I think image generation should be less vulnerable to this since all images need tagging to be useful, "ai generated" is a common tag that can be used to exclude reingesting old outputs, and also because with artwork precision doesn't matter so much. If people like the results, then it doesn't matter that much that something isn't drawn realistically.

rgrieselhuber

As someone in SEO, I've been pretty disgusted by the desire for site owners to want to use AI-generated content. There are various opinions on this, of course, but I got into SEO out of interest in the "organic web" vs. everything being driven by ads.
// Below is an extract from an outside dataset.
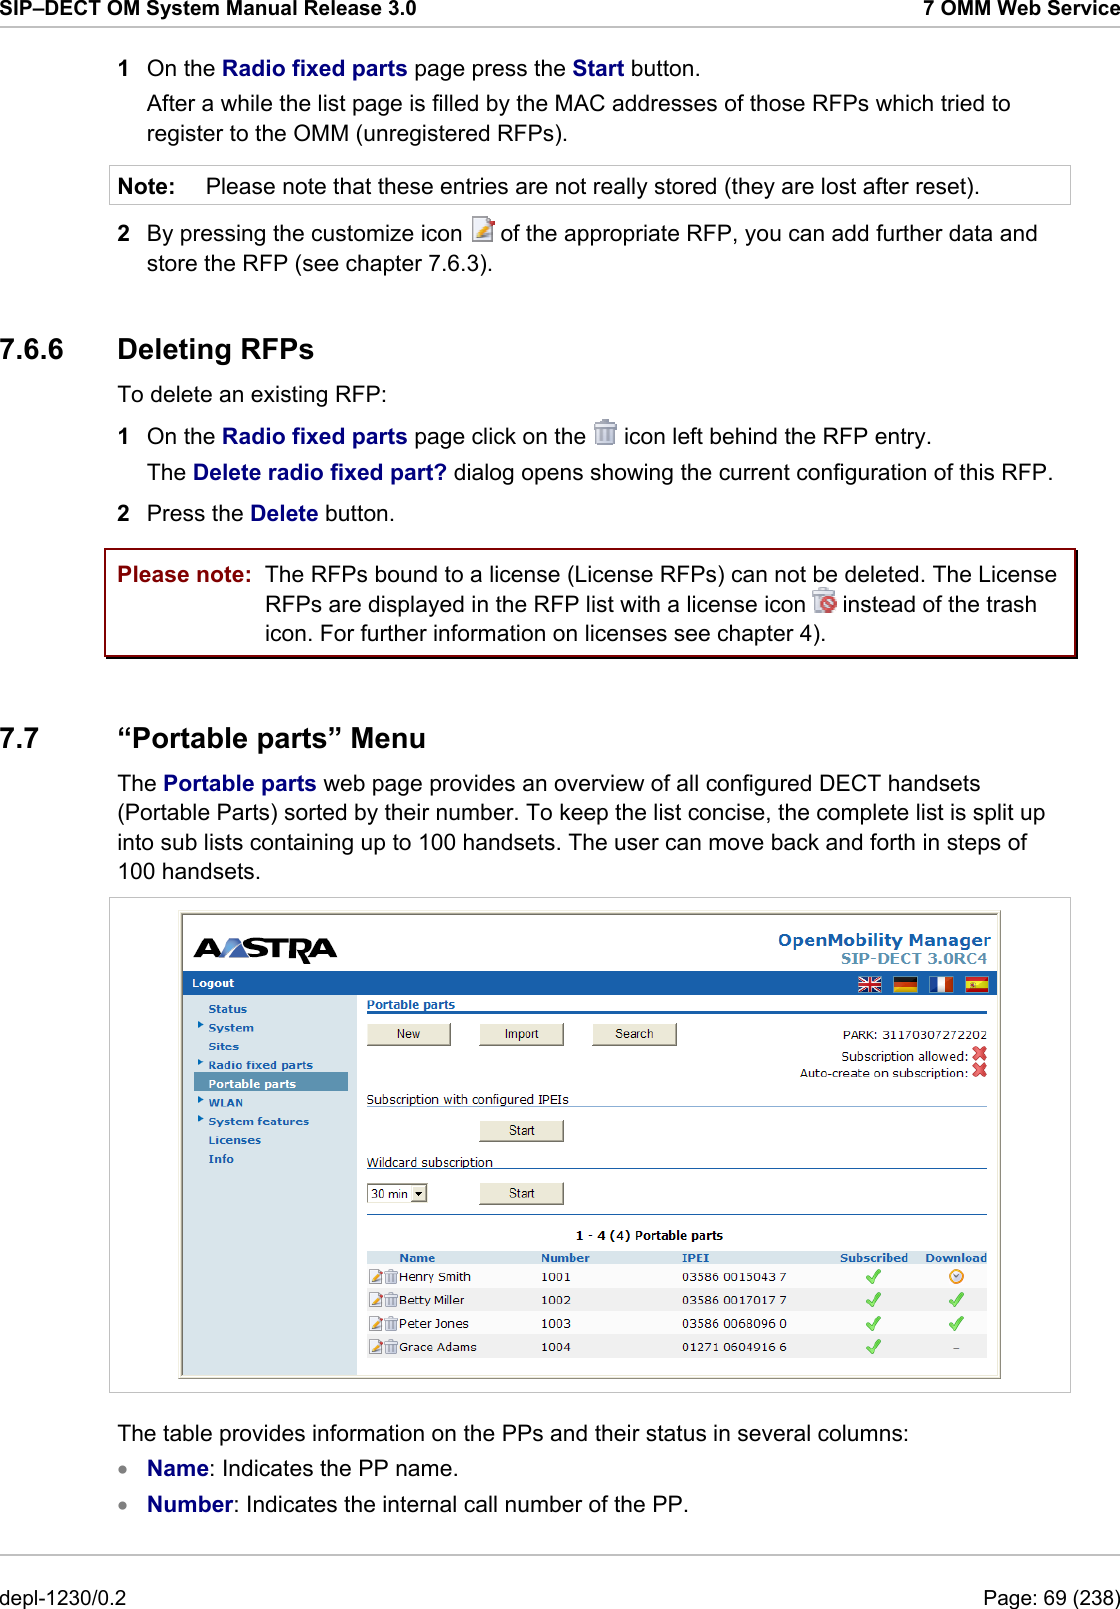 SIP–DECT OM System Manual Release 3.0  7 OMM Web Service 1  On the Radio fixed parts page press the Start button. After a while the list page is filled by the MAC addresses of those RFPs which tried to register to the OMM (unregistered RFPs). Note:  Please note that these entries are not really stored (they are lost after reset).  2  By pressing the customize icon   of the appropriate RFP, you can add further data and store the RFP (see chapter 7.6.3). 7.6.6 Deleting RFPs To delete an existing RFP:  1  On the Radio fixed parts page click on the   icon left behind the RFP entry. The Delete radio fixed part? dialog opens showing the current configuration of this RFP. 2  Press the Delete button. Please note:  The RFPs bound to a license (License RFPs) can not be deleted. The License RFPs are displayed in the RFP list with a license icon   instead of the trash icon. For further information on licenses see chapter 4). 7.7 “Portable parts” Menu The Portable parts web page provides an overview of all configured DECT handsets (Portable Parts) sorted by their number. To keep the list concise, the complete list is split up into sub lists containing up to 100 handsets. The user can move back and forth in steps of 100 handsets.  The table provides information on the PPs and their status in several columns: Name: Indicates the PP name. • •  Number: Indicates the internal call number of the PP. depl-1230/0.2  Page: 69 (238)

Love the idea of having AI-Free declarations of content as it could / should help to differentiate organic content from generated content. It would be very interesting if companies and site owners wished to self-certify their site as organic with something like an /ai-free.txt.

dale_glass

I don't see the point. There's lots of old content out there that won't get tagged, so lacking the tag doesn't mean it's AI generated. Meanwhile people abusing AI for profit (eg, generating AI driven blogs to stick ads on them) wouldn't want to tag their sites in a way that might get them ignored.

And what are the consequences for lying?

westurner

Does use of a search engine violate the "No AI" covenant with oneself?

Variation on the Turning Test: prove that it's not a human claiming to be a computer.

Modeling premises and Meta-analysis are again necessary elements for critical reasoning about Sources and Methods and superpositions of Ignorance and Malice.

jhbadger

Maybe this could encourage the recreation of the original Yahoo! (If you don't remember, Yahoo! started out not as a search engine in the Google sense but as a collection of human curated links to websites about various topics)

daveguy

I consider Wikipedia to be a massive curated set of information. It also includes a lot of references and links to additional good information / source materials. Companies try to get spin added and it's usually very well controlled. I worry that a lot of ai generated dreck will seep into Wikipedia, but I am hopeful the moderation will continue to function well.

westurner

List of Web directories: https://en.wikipedia.org/wiki/List_of_web_directories ; DMOZ FTW

Distributed Version Control > Work model > Pull Request: https://en.wikipedia.org/wiki/Distributed_version_control#Pu...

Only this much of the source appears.